Au cours des derniers mois, le lycéen était parvenu à mettre la main sur des données privées (adresses personnelles, numéros de téléphone, adresses e-mail) de la quasi-totalité des membres de la classe politique allemande – dans une cinquantaine de cas, les données volées étaient plus sensibles (coordonnées bancaires, photos de famille…). L’homme avait publié une large partie de ces informations entre le 1er et le 28 décembre de l’an dernier, sous forme de calendrier de l’Avent, pour l’essentiel sur un compte Twitter au nom de God.

 

Au total, un millier de personnes – des politiciens mais aussi des acteurs, des animateurs de télévision, des journalistes et des rappeurs – ont été victimes du jeune hacker. Jusqu’au président de la République et à Angela Merkel.
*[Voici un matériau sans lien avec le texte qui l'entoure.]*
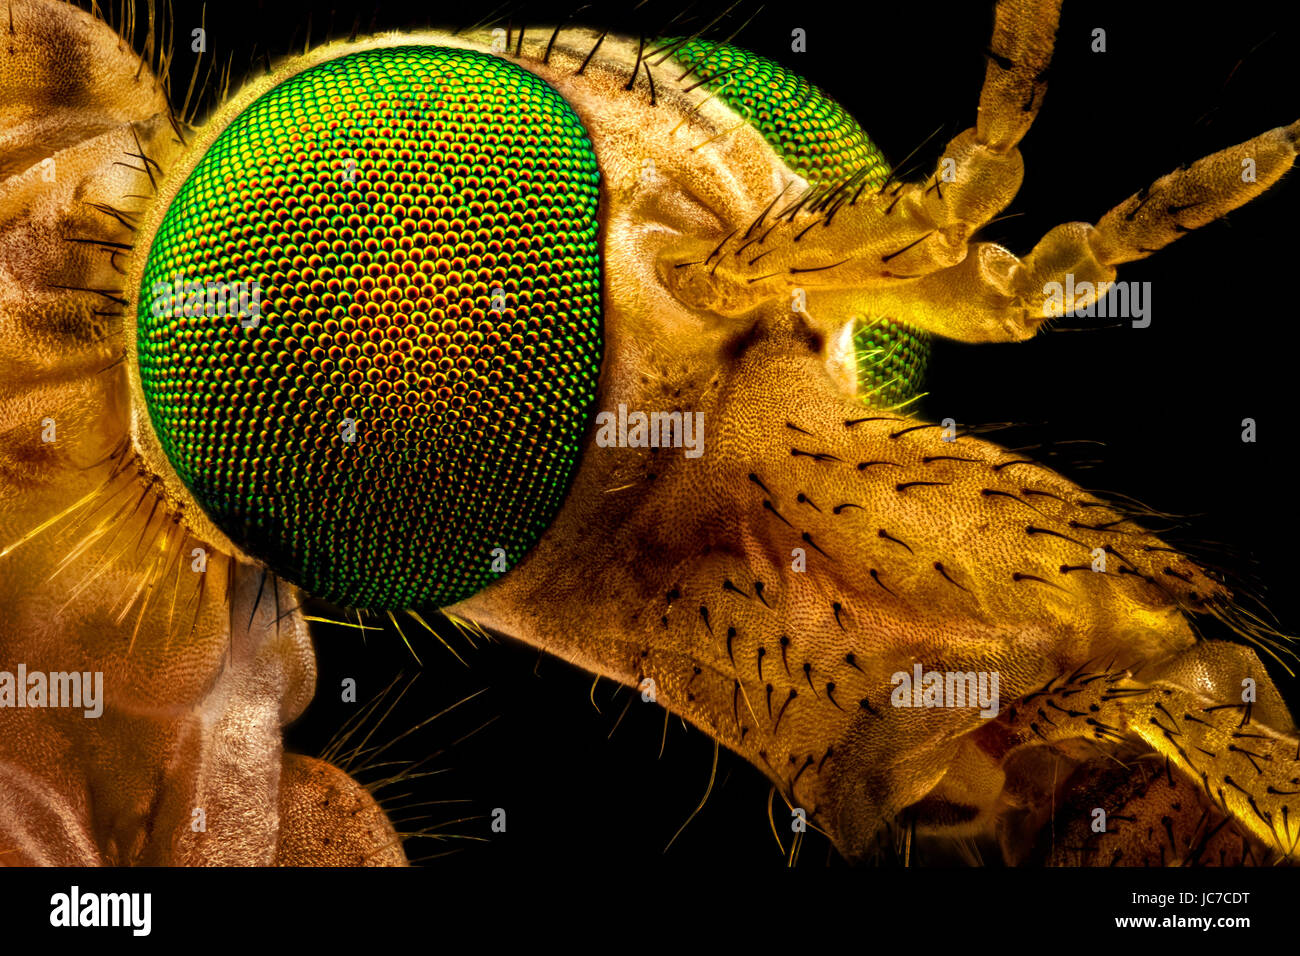 Macro extrema - retrato de un verde eyed fly crane, amplificado a través de un microscopio objetivo (anchura del bastidor es de 2,2mm) Foto de stock
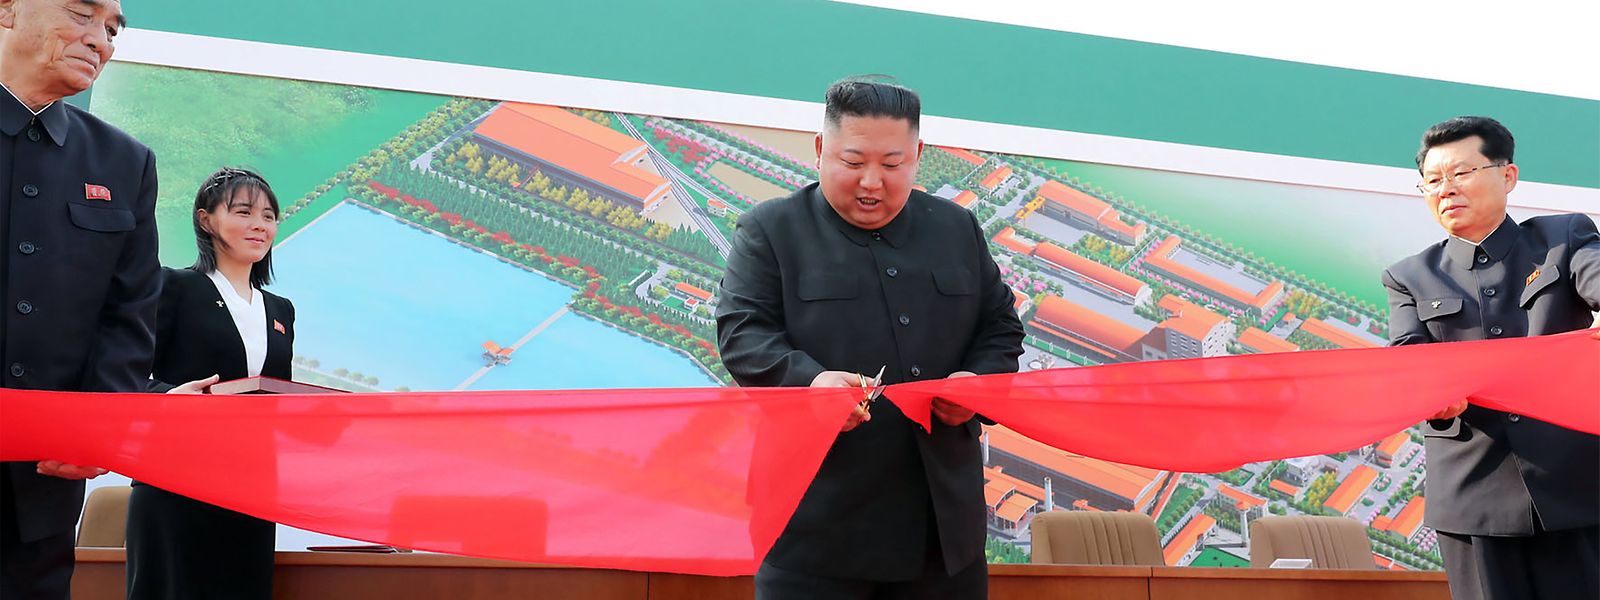 Ein am 2. Mai veröffentlichtes Propagandafoto zeigt Kim "in Aktion". Wie bei allen staatlichen Bildern aus Nordkiorea ist die Quelle des Materials aber nicht unabhängig verifiziert.

Deux adresses e-mail privées de la chancelière ont ainsi été rendues publiques, ainsi que le contenu de quelques achats privés. Aucune information confidentielle n’aurait été publiée, selon les enquêteurs, qui avaient d’abord privilégié la piste de l’extrême droite, puisque aucun membre de l’AfD ne figure parmi les victimes.

 

«A priori, c’est simplement parce qu’il n’avait pas pensé à s’attaquer à ce parti», estiment aujourd’hui les enquêteurs, convaincus que le jeune homme n’a agi ni sous l’influence de l’extrême droite ni sous celle d’un tiers.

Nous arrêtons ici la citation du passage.